Traces are collected by the OpenTelemetry Collector, which runs as a sidecar or DaemonSet. The Collector handles sampling, batching, and exporting to backends like Jaeger, AWS X-Ray, or Grafana Tempo. I use tail-based sampling to keep 100% of error traces and slow traces while sampling 10% of healthy traces - this gives full visibility into problems without the storage cost of capturing everything.

SLOs: Tying It All Together

Metrics, logs, and traces are raw ingredients. Service Level Objectives (SLOs) turn them into actionable reliability targets. I define SLOs for every production service based on two key indicators:

Availability SLI: Percentage of requests that return a non-5xx response. Target: 99.95% (allows ~22 minutes of downtime per month).
Latency SLI: Percentage of requests completed within the target latency. Target: 99% of requests under 200ms.

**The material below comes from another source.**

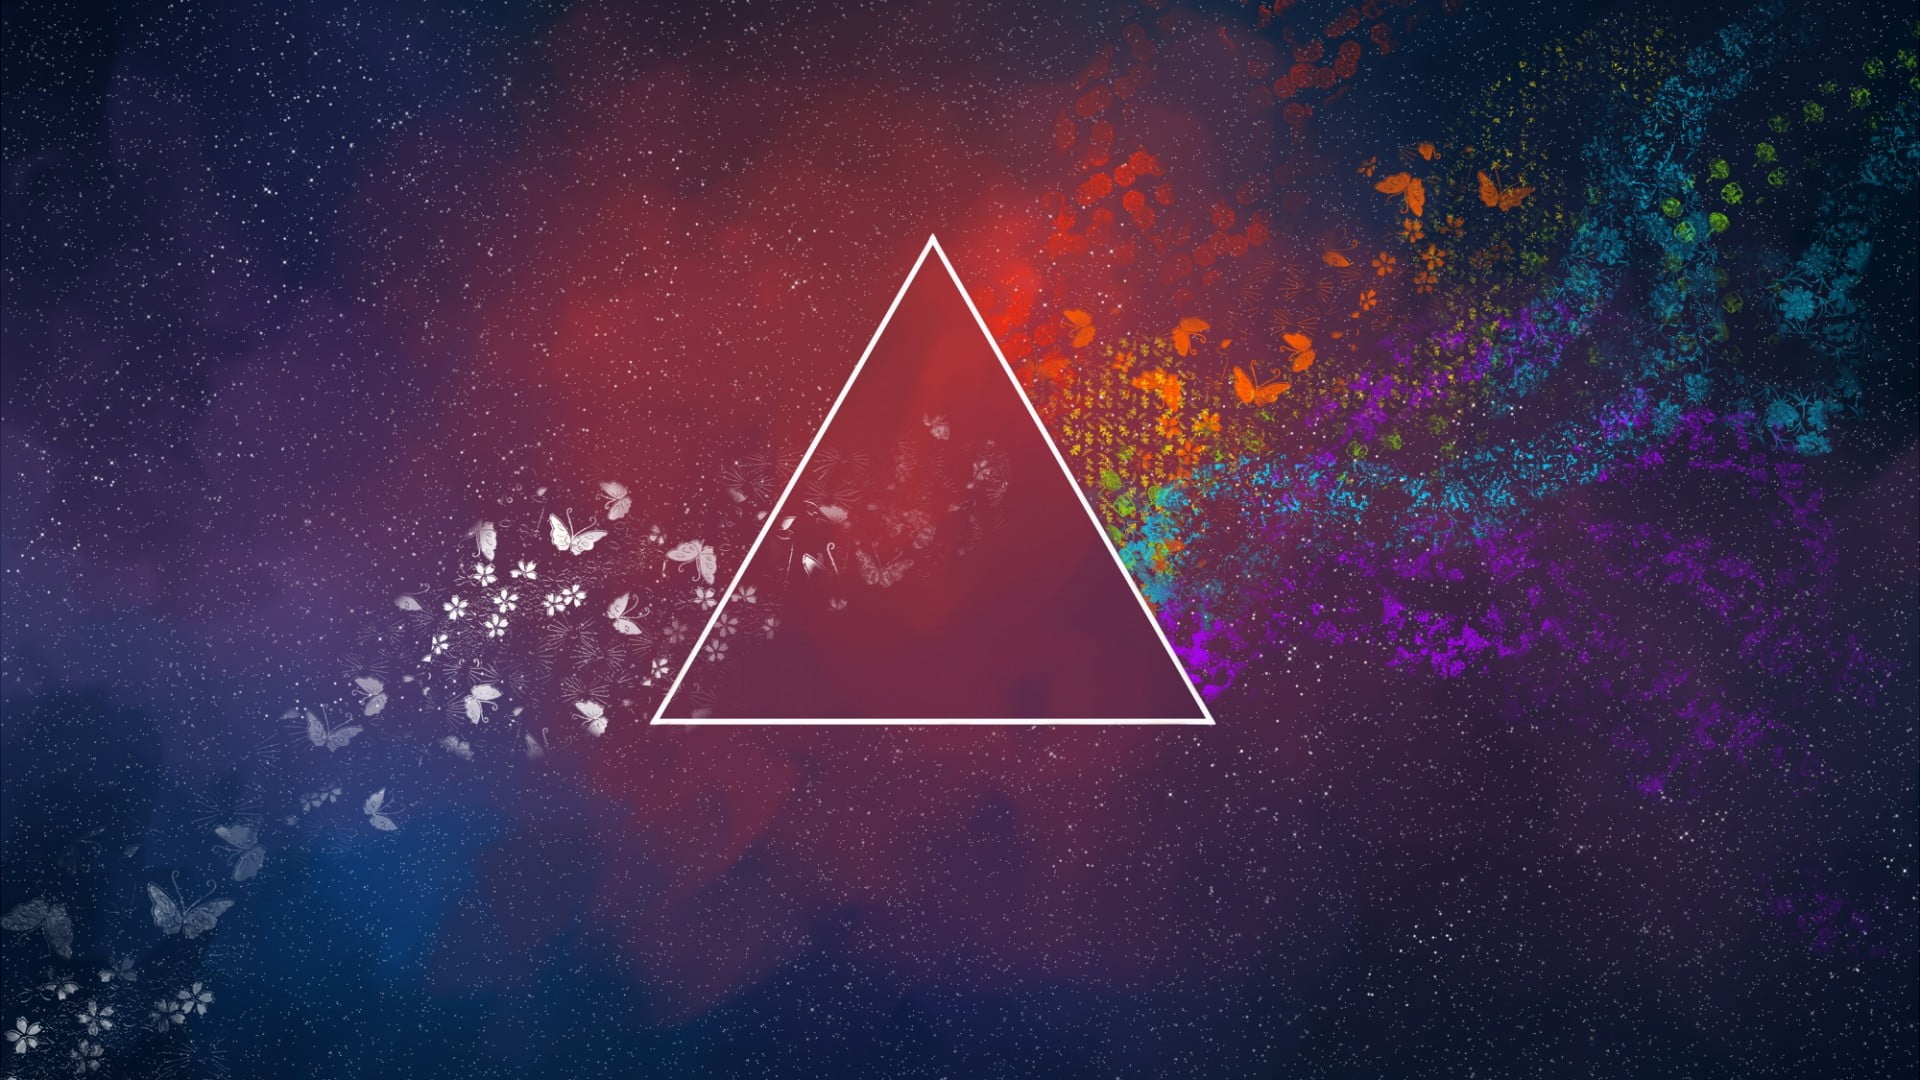 multicolored illustration with triangle, abstract, flowers, Pink Floyd

I build error budget dashboards in Grafana that show how much of the error budget has been consumed over the current window. When the error budget is healthy, teams ship features aggressively. When the budget is nearly exhausted, the team shifts focus to reliability work. This replaces subjective arguments about "should we ship or stabilize?" with data-driven decisions.

Alerting Philosophy

Most alerting is broken because it's based on symptoms rather than user impact. I follow this hierarchy:

Page-worthy (PagerDuty): SLO burn rate exceeds threshold - real users are being affected right now.
Urgent (Slack): Leading indicators suggest an SLO breach is likely within hours - disk filling up, certificate expiring soon.
Informational (email/dashboard): Trends that need attention this sprint - increasing latency p99, growing queue depth.

The goal is that every page results in a meaningful action. If an alert fires regularly and gets ignored, it's either misconfigured or not worth alerting on. I review alert fatigue metrics monthly and aggressively prune noisy alerts.

Getting Started

You don't need to build all of this at once. Start with metrics and dashboards (week 1), add structured logging (week 2), implement SLOs for your most critical service (week 3), and add tracing (week 4). Each layer compounds the value of the others. A trace ID that appears in both your logs and your traces transforms a 2-hour debugging session into a 5-minute investigation.